The death toll from twin earthquakes that struck Venezuela on Wednesday has climbed to 920, with over 50,000 people reported missing and rescue teams increasingly shifting focus from saving lives to recovering bodies amid mounting public fury at the government’s response.
Venezuela is in agony — and the anger is growing as fast as the death toll.
Two powerful earthquakes, measuring magnitude 7.2 and 7.5, struck within a minute of each other on Wednesday evening, unleashing devastation across the north of the country and reducing entire residential blocks in the coastal area of La Guaira — near the capital Caracas — to dust and rubble. By Friday, the confirmed death toll had climbed to 920, with United Nations aid chief Tom Fletcher telling AFP that more than 50,000 people remained unaccounted for.

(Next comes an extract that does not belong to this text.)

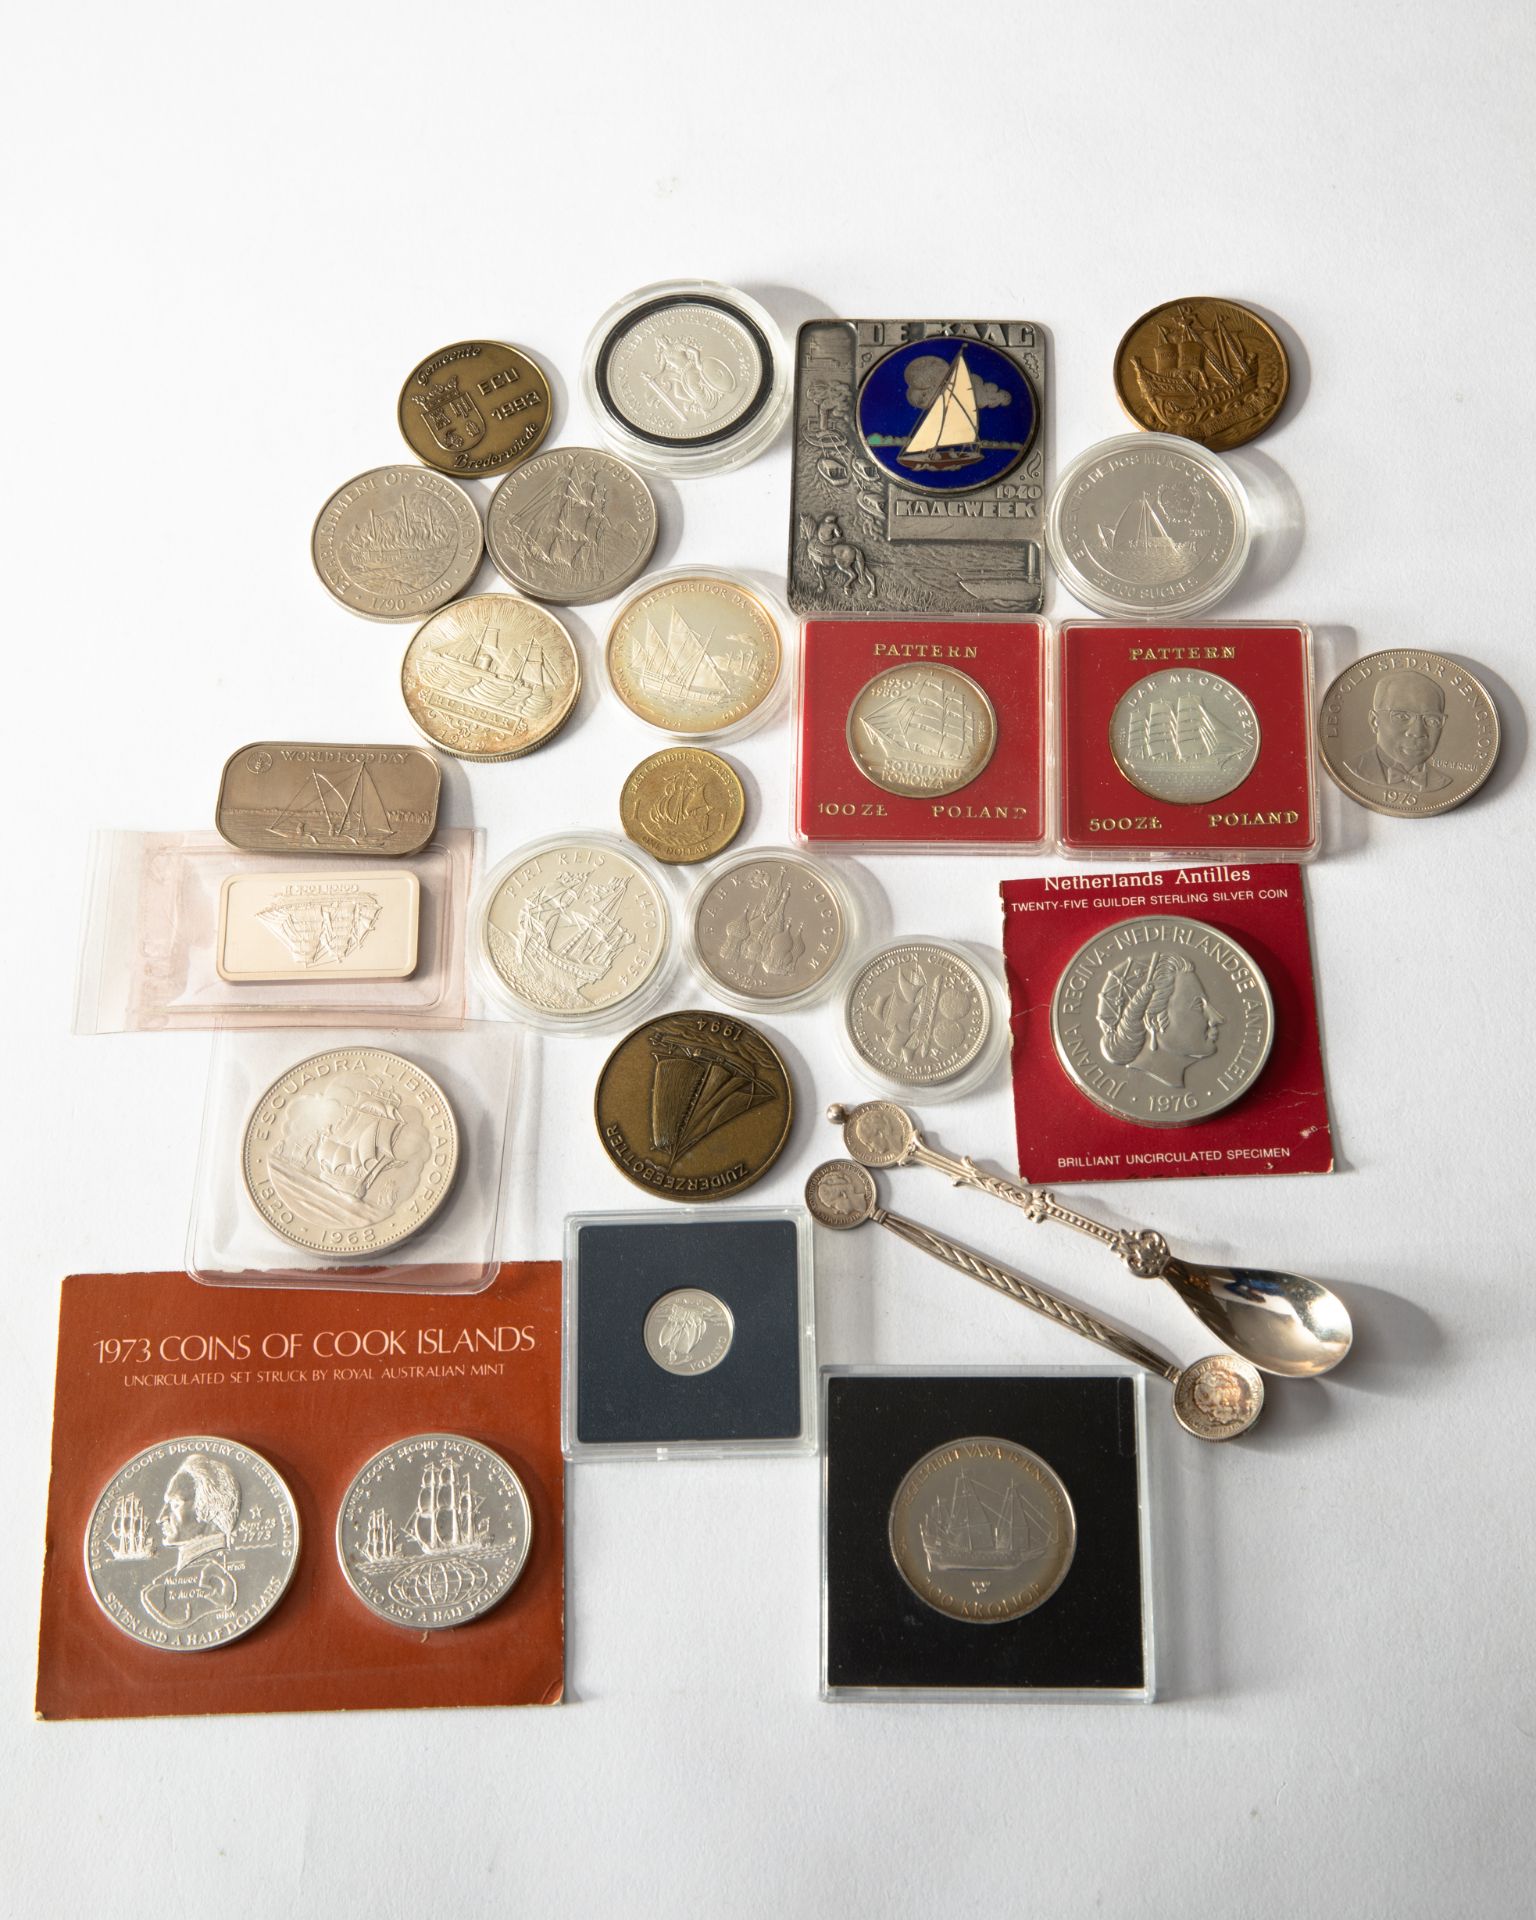 Ships, silver coins and medals

The scale of destruction is staggering. Building after building along La Guaira’s coastline crumpled under the force of the back-to-back strikes, leaving rescue teams from across the region racing against time — and increasingly, against hope.
The Cable reported that a Chilean rescue team arriving at one residential complex — four tall apartment buildings now largely reduced to rubble — delivered the assessment that many feared.

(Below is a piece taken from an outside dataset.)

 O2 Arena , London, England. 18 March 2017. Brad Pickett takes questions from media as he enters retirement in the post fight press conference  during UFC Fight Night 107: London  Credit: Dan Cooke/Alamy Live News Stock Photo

“Unfortunately, the collapse is total, and there is little chance of finding survivors. Efforts are now focused on recovering the bodies of the deceased,” team leader Nadiomar Polanco said grimly.

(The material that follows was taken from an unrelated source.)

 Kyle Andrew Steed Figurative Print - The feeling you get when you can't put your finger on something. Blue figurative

That grim reality on the ground is being matched by a volatile political atmosphere. Caracas residents jeered interim leader Delcy Rodriguez during her visit to a devastated neighbourhood, their fury over the perceived sluggishness of the official government response boiling over publicly. It was a raw, unfiltered expression of grief colliding with institutional failure.
Interior Minister Diosdado Cabello announced in a televised address that access to the disaster zone would be restricted from 8:00 pm Friday — a move likely to deepen suspicions among a population already furious at its leadership.
International rescue teams continue to pour in, but with each passing hour, the operation is shifting — from rescue to recovery, from hope to grief, from searching for the living to accounting for the dead.
Venezuela was already a nation under enormous strain. Wednesday’s twin earthquakes have pushed it to the edge of something far darker.
Venezuela is in agony — and the anger is growing as fast as the death toll.